* [Your instructions]: Make an exact copy of every entry below, with the pictures left out.

┌──

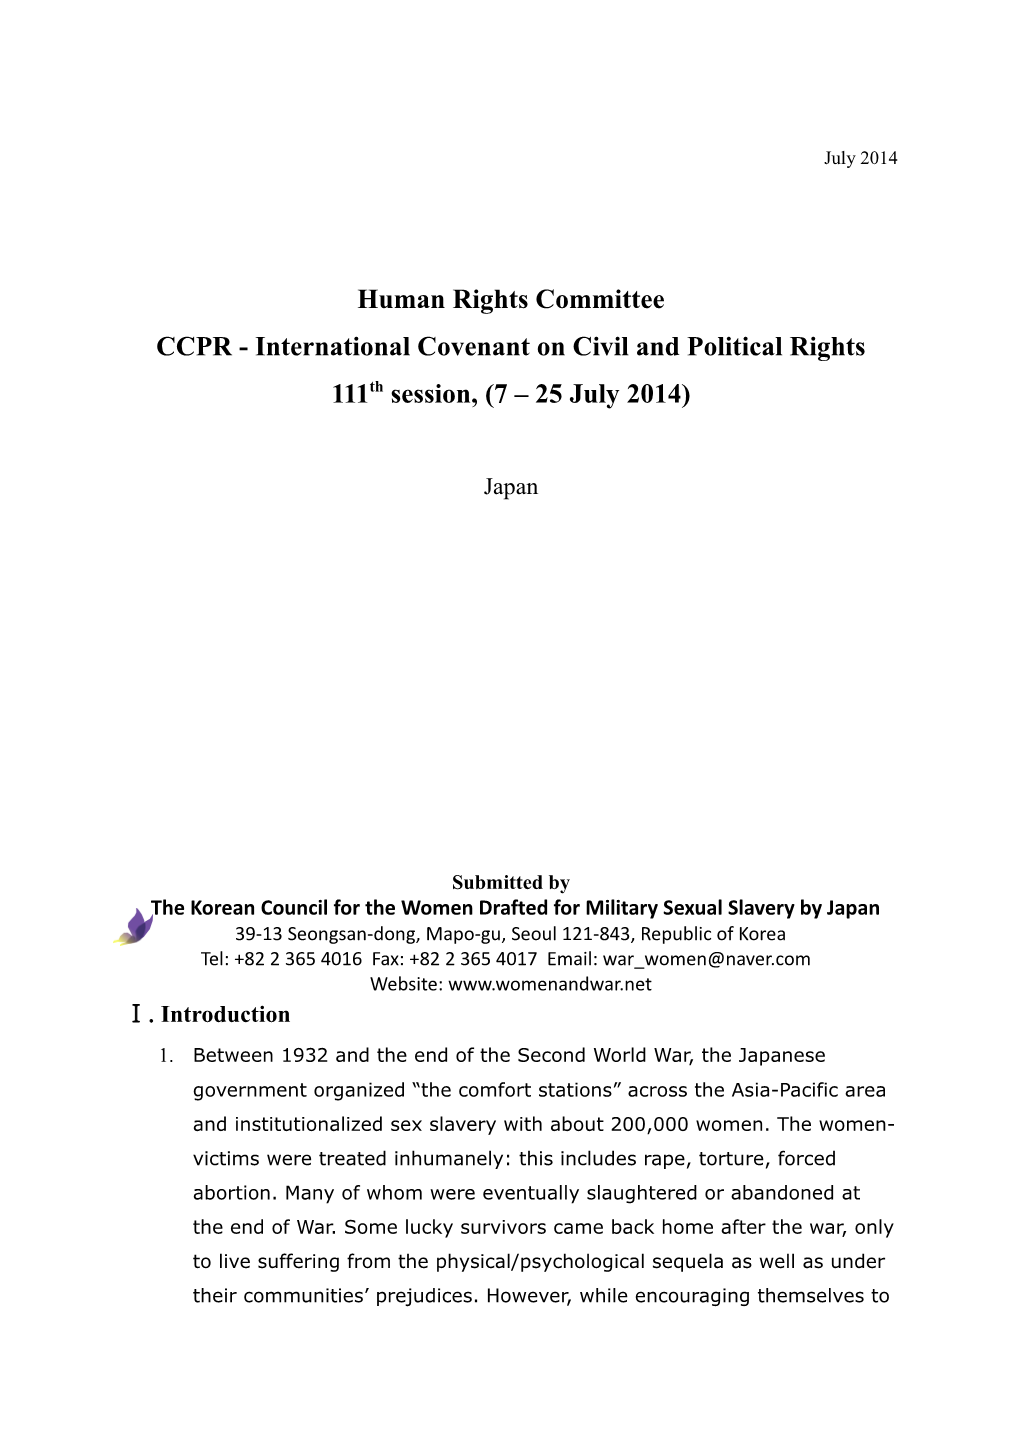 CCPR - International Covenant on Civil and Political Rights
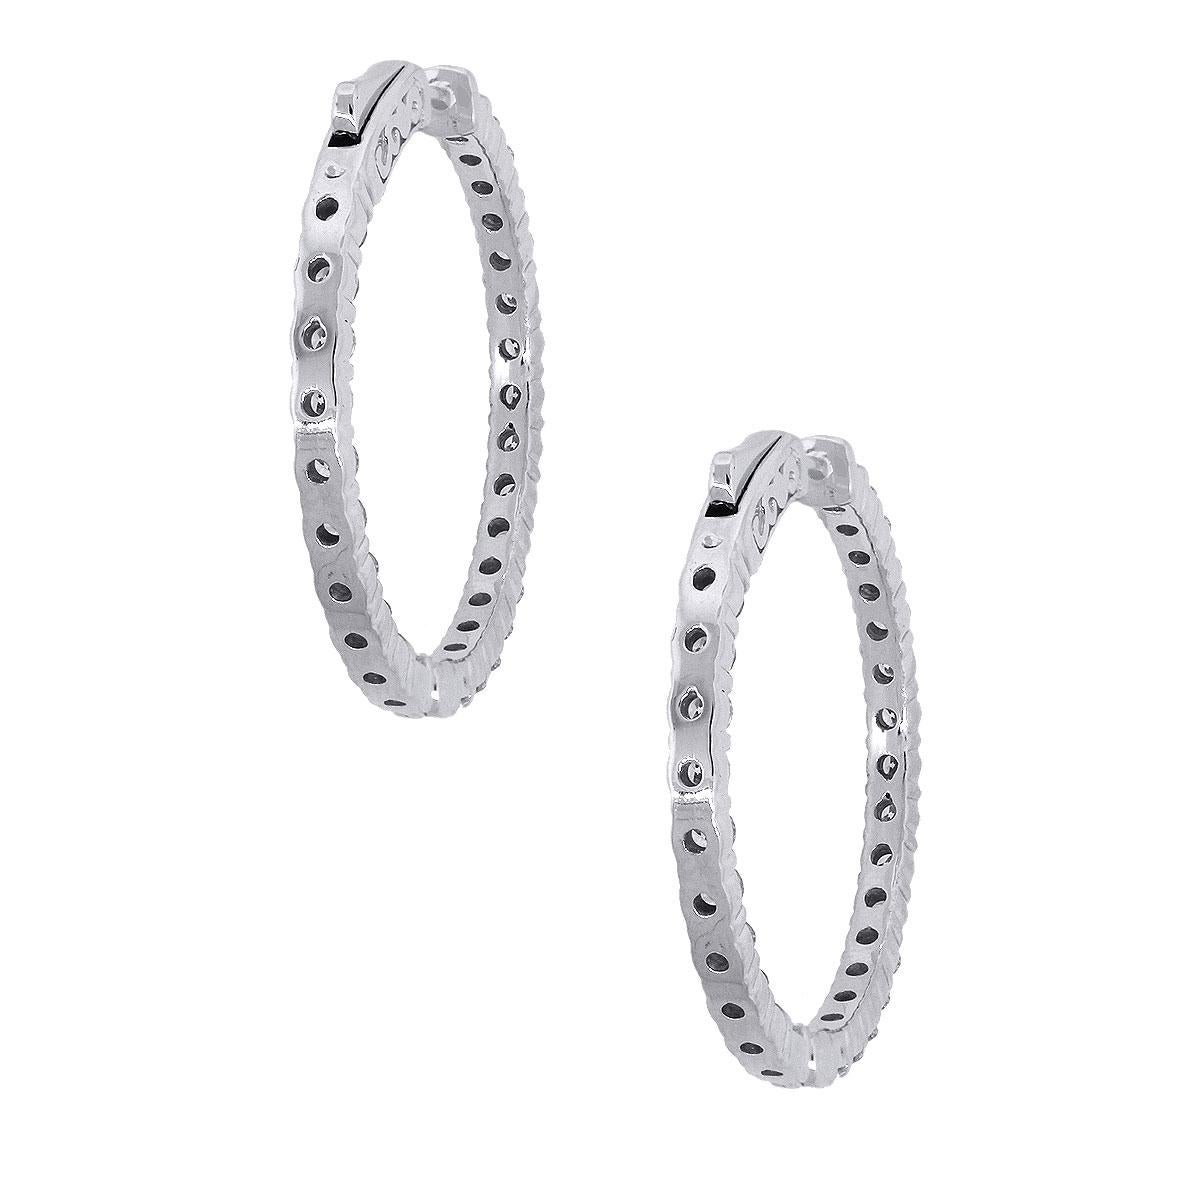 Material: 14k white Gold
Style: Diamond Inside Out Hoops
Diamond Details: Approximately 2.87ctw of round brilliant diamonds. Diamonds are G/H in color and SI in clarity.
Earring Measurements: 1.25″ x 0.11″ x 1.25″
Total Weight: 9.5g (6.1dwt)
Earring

└──

* [Answer for this exercise]:
 CCPR - International Covenant on Civil and Political Rights
 Material: 14k white Gold
Style: Diamond Inside Out Hoops
Diamond Details: Approximately 2.87ctw of round brilliant diamonds. Diamonds are G/H in color and SI in clarity.
Earring Measurements: 1.25″ x 0.11″ x 1.25″
Total Weight: 9.5g (6.1dwt)
Earring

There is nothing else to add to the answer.